Figure 3. Mutation of the FCS blocks Spike S1/S2 cleavage and mitigates utilization of an alternative entry pathway.

a, Pseudoviruses encoding for luciferase were generated with the WA-1 or ΔFCS deletion version of spike. Protein was isolated from pseudovirus cultures and subject to immunoblot staining against the spike protein. Shown is a representative blot of three independent western blots. b, Vero-E6 cells expressing hACE2 and TMPRSS2 were infected with WT or ΔFCS pseudotyped virus in the presence of presence of no drug, aloxostatin, camostat mesylate, or both. After 48 hours of infection, cells were lysed, and luciferase expression was quantified. Relative luciferase expression was normalized to untreated cells. Each condition was repeated three times. c, WT and ΔFCS virus were derived from infectious clones. Protein was isolated from viral stocks and subject to immunoblot staining against the spike protein. Shown is a representative blot of three independent western blots.

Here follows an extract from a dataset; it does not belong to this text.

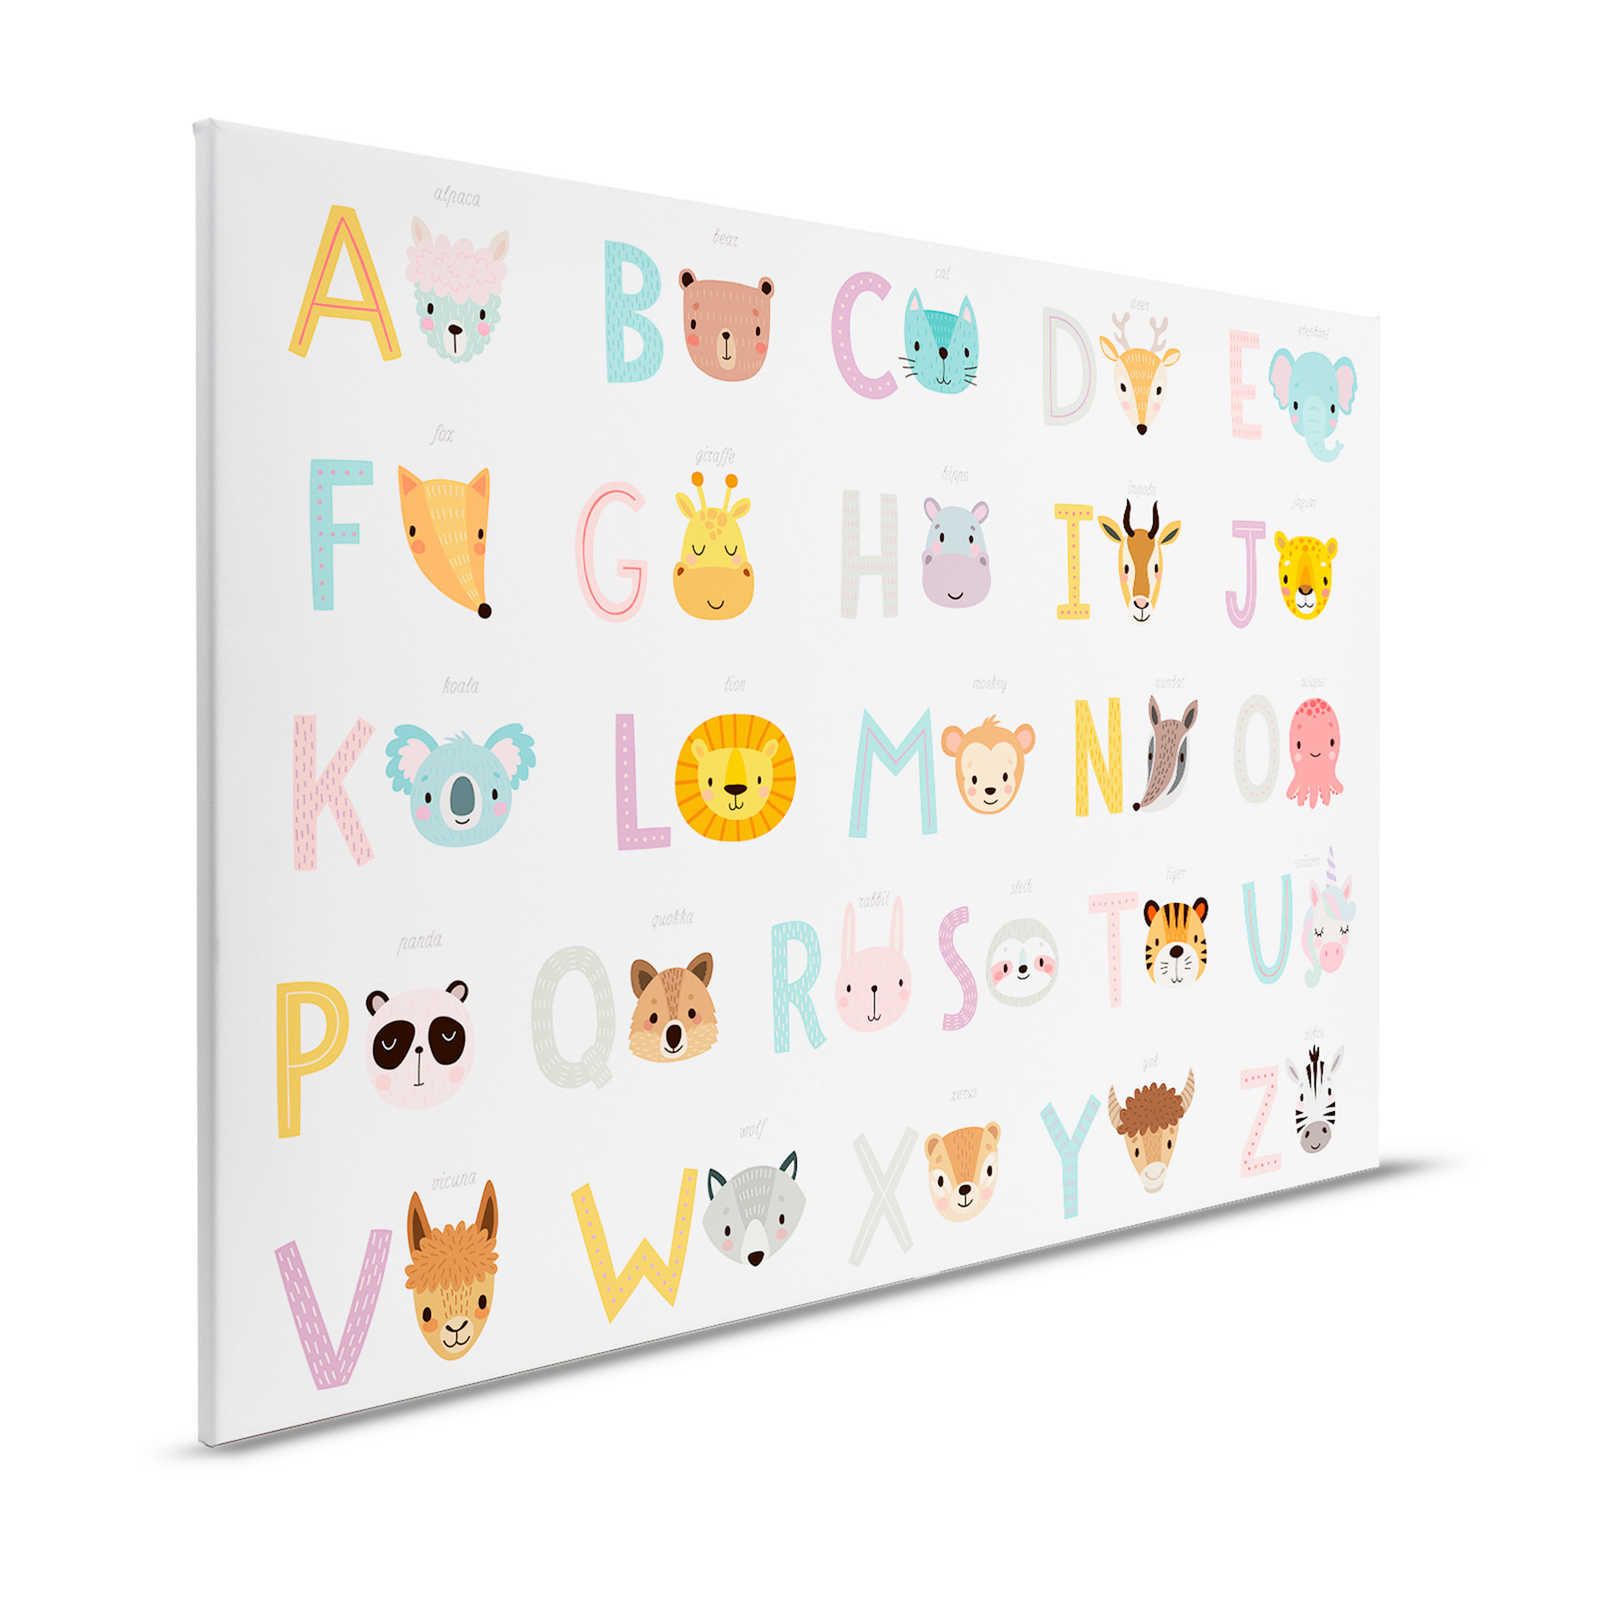         Leinwand ABC mit Tieren und Tiernamen – 120 cm x 80 cm

Figure 4. ΔFCS virus is attenuated after intranasal infection.

a, K18-hACE2 mice were intranasally inoculated with WA-1 and ΔFCS stocks. Mice were intranasally challenged with 6×10³ PFU of wild-type (red/purple) or ΔFCS (blue/green) SARS-CoV-2 and b, evaluated for weight loss. (n = 15 for each virus). Viral genomes/organ are plotted from the c, lung and d, brain was isolated and quantified via RT-qPCR. At 2 days post-infection (dpi), n = 5 mice per virus were euthanized with remaining n = 10 euthanized at 5 dpi. Statistical significance is denoted by asterisks, as compared to WT virus (**p < 0.005; ***p < 0.0005; Unpaired T test).

Figure 5. ΔFCS virus replicates faster in the CNS after intracranial inoculation.

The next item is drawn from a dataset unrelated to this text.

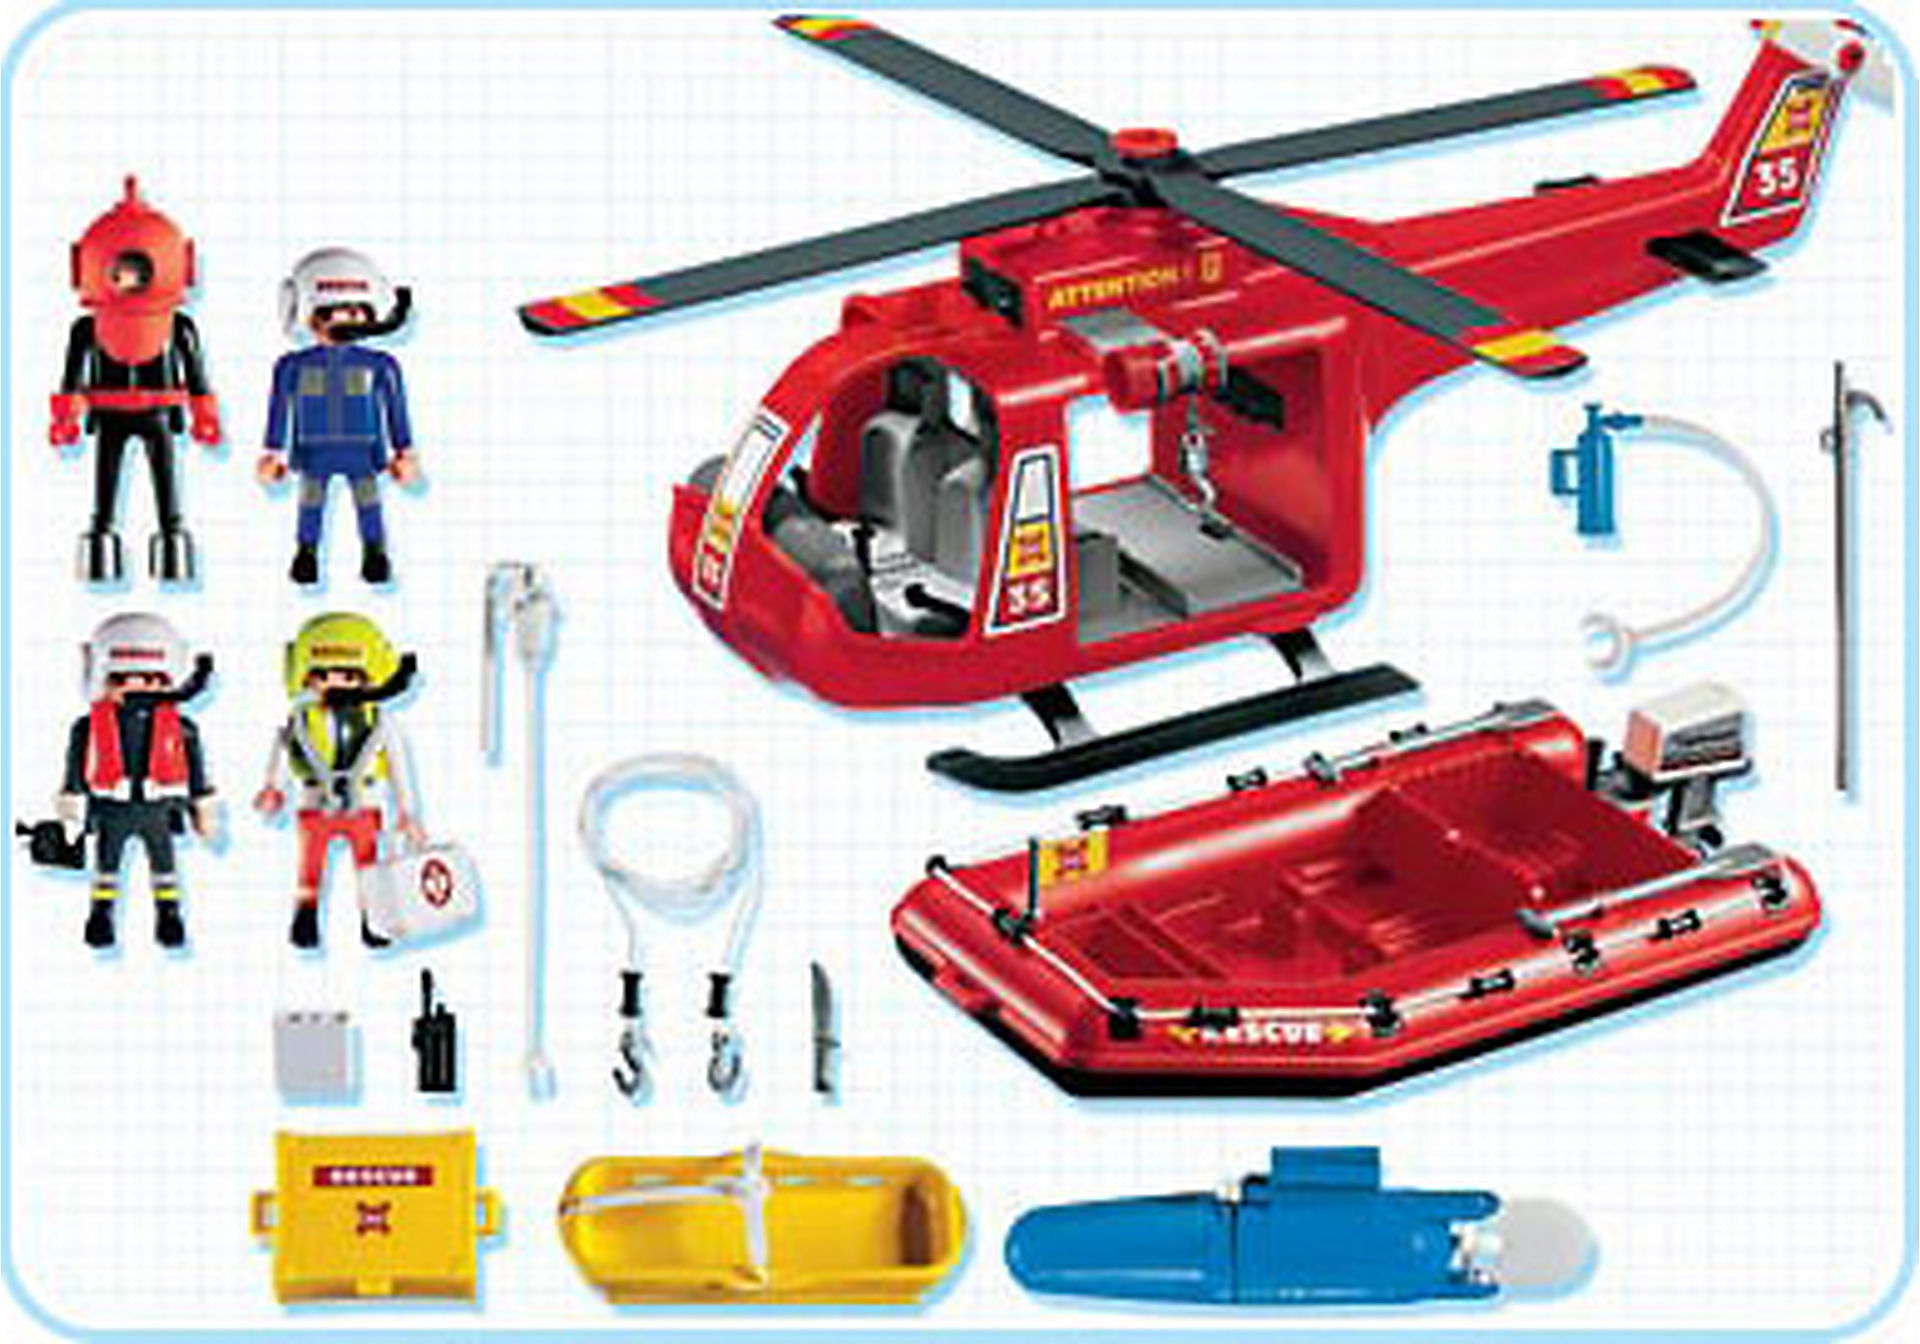 Спасательные машинки. Плеймобил пожарный вертолет. Вертолет спасательный Плеймобил. Плеймобиль 4428. Набор Плеймобиль спасательный вертолет.

a, K18-hACE2 mice were intracranially challenged with 10² PFU of wild-type (red/purple) or ΔFCS (blue/green) SARS-CoV-2. b, Mice were evaluated for weight loss (n = 15 for each virus). At 1 day post-infection (dpi), n = 10 mice per virus were euthanized with remaining n = 5 euthanized at 3 dpi. Viral RNA from the c, brain and d, lung was isolated and quantified via RT-qPCR. Viral genomes/organ are plotted. Statistical significance is denoted by asterisks, as compared to WT virus (*p < 0.05 Unpaired T test). e, Lung homogenate at 3dpi from WT or dFCS infected mice were inoculated onto a monolayer of Vero-E6 cells and incubated for three days. As a control, lung homogenate was UV treated to inactivate infectious virus in one group. Brightfield images of the monolayer is shown.

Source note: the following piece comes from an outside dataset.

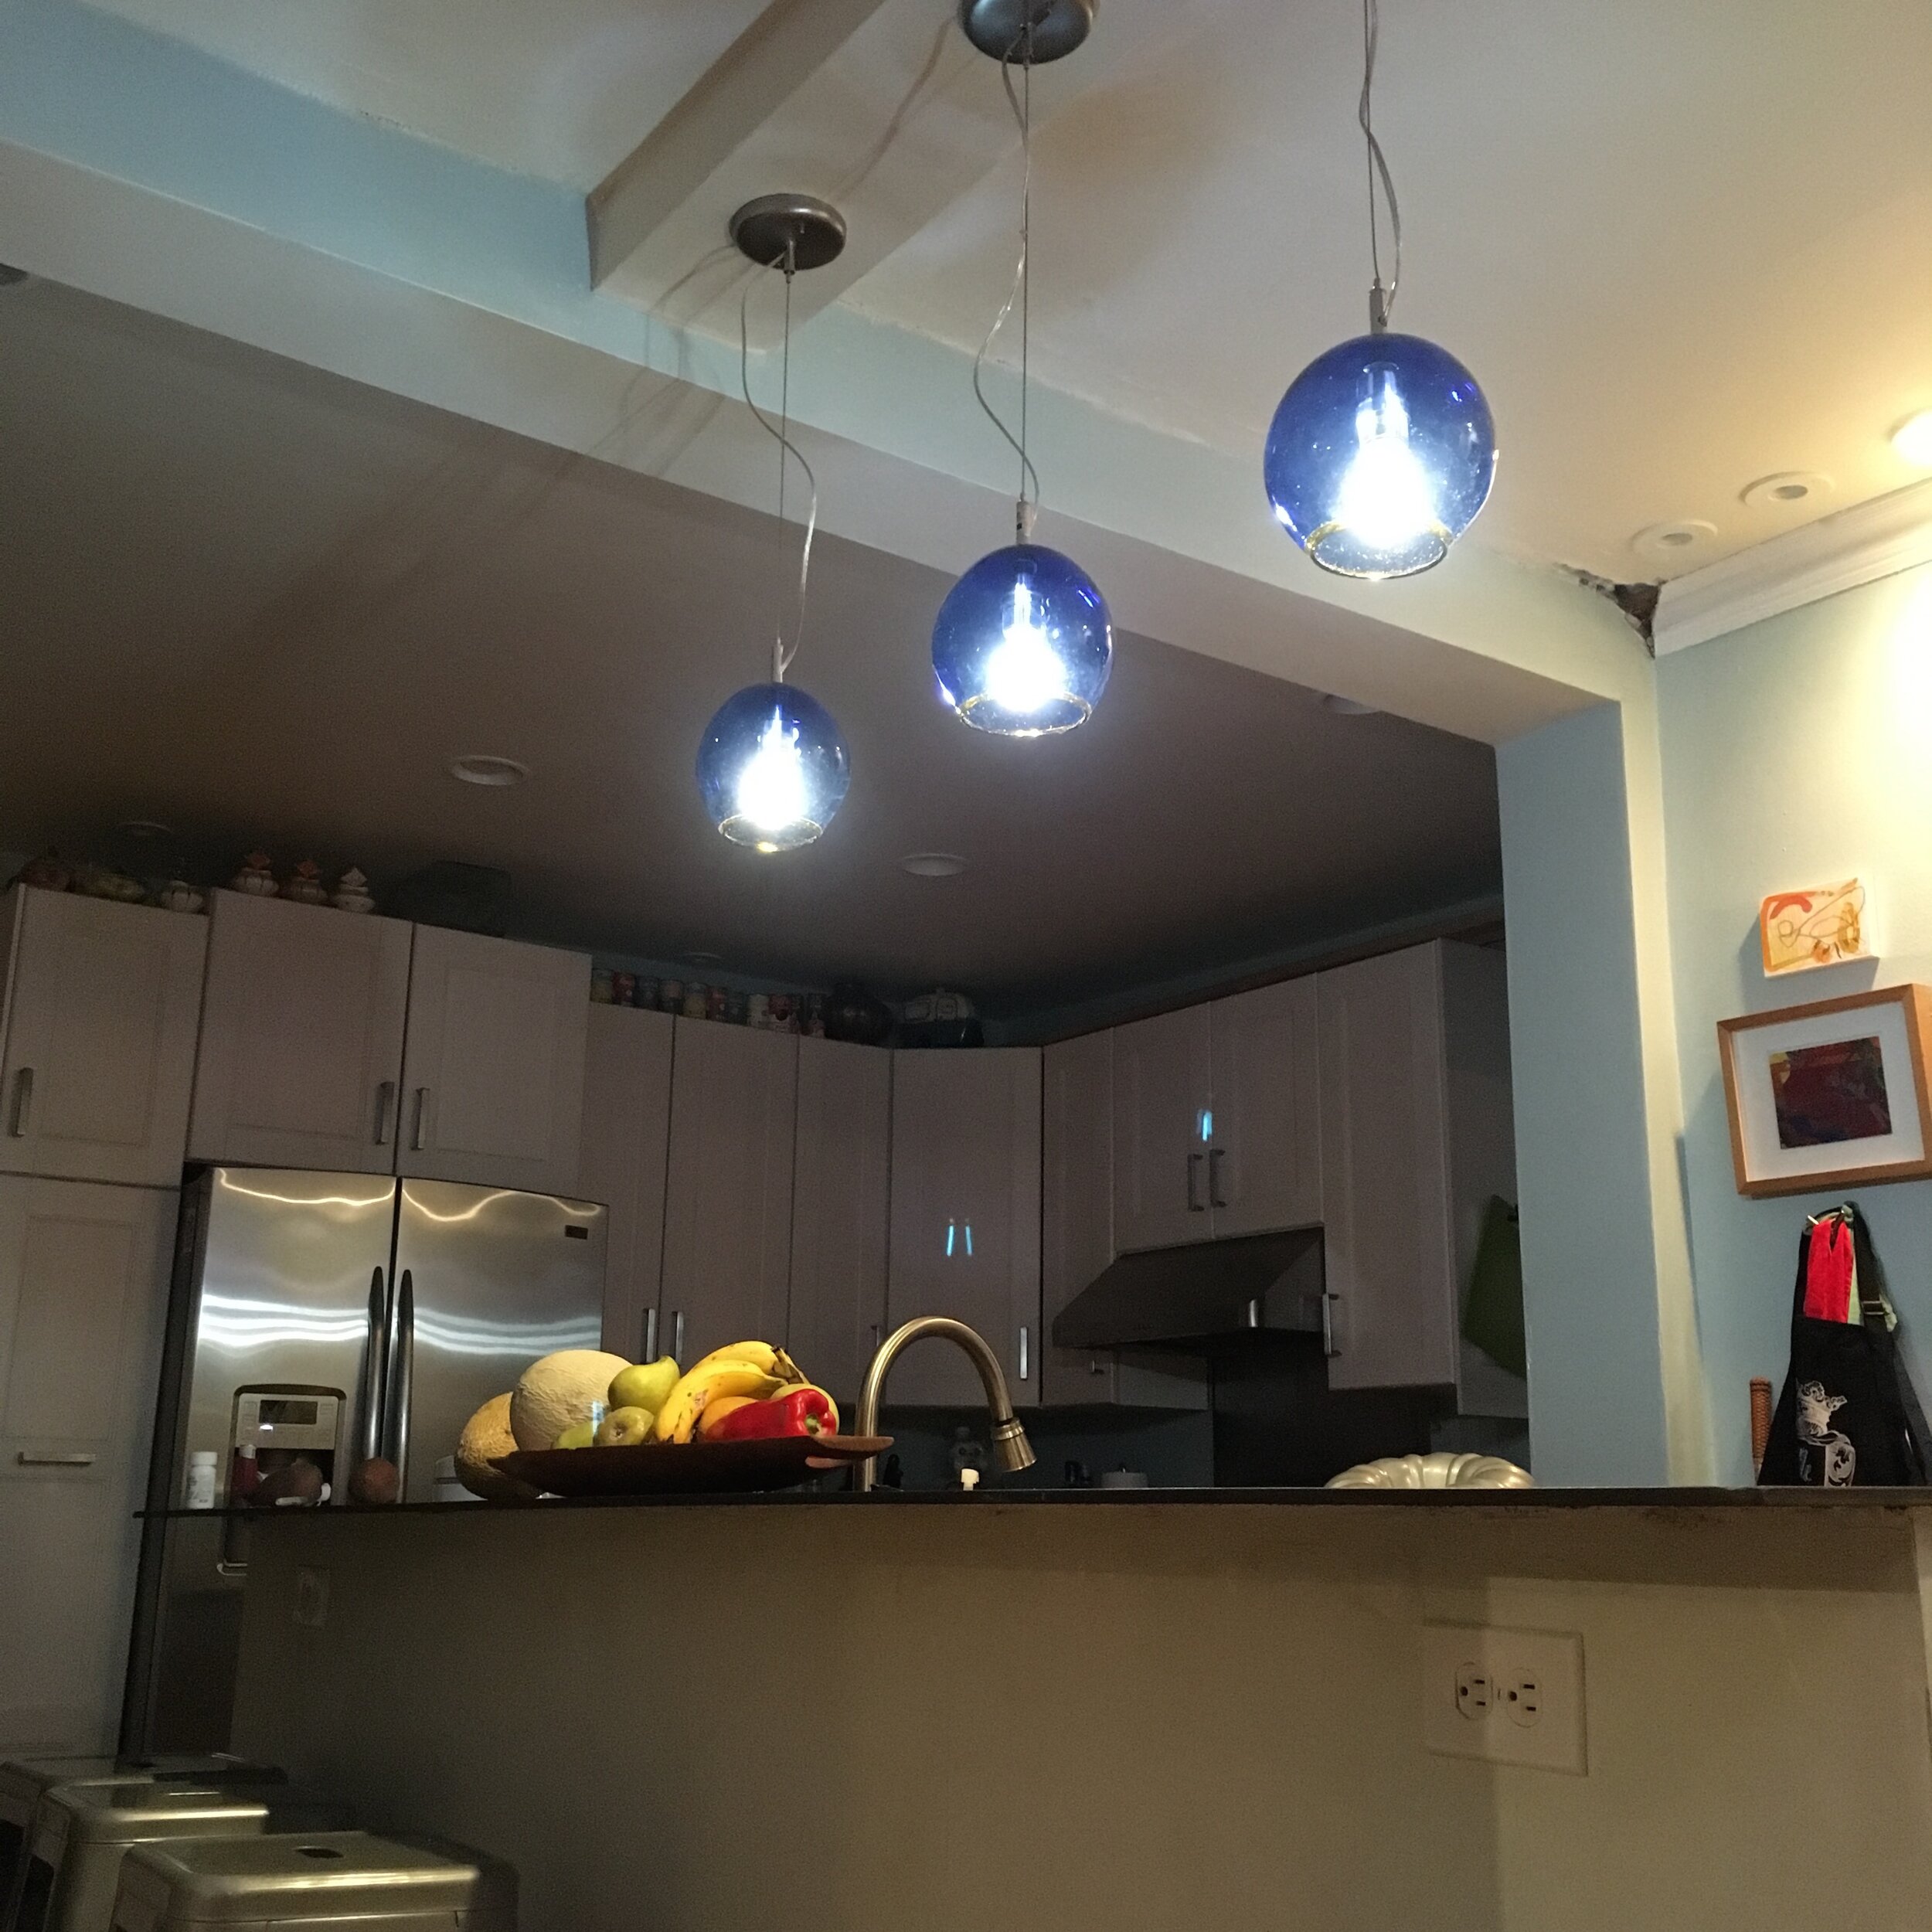 blue globes in kitchen.jpg

Figure 6. There is selective pressure for the deletion of the FCS in the CNS.

a, Phylogenetic tree of the consensus SARS-CoV-2 whole genome sequences after intranasal or intracranial challenge with WT or ΔFCS virus (dark blue tip = inoculate, red tips = intracranial challenge, green tips = intranasal challenge, triangle = brain isolate, square = lung isolate). Branch length reflects nucleotide substitutions per site. b, Alignment of each consensus sequence across the Spike FCS region after challenge with the WT (left) or ΔFCS (right) virus. c,Phylogenetic tree of SARS-CoV-2 quasispecies after intranasal or intracranial challenge with WT (left) or ΔFCS virus (right) (dark blue tip = inoculate, red tips = intracranial challenge, green tips = intranasal challenge, triangle = brain isolate, square = lung isolate). Branch length reflects nucleotide substitutions per site and tip size reflects the frequency of a given subpopulation in an isolate.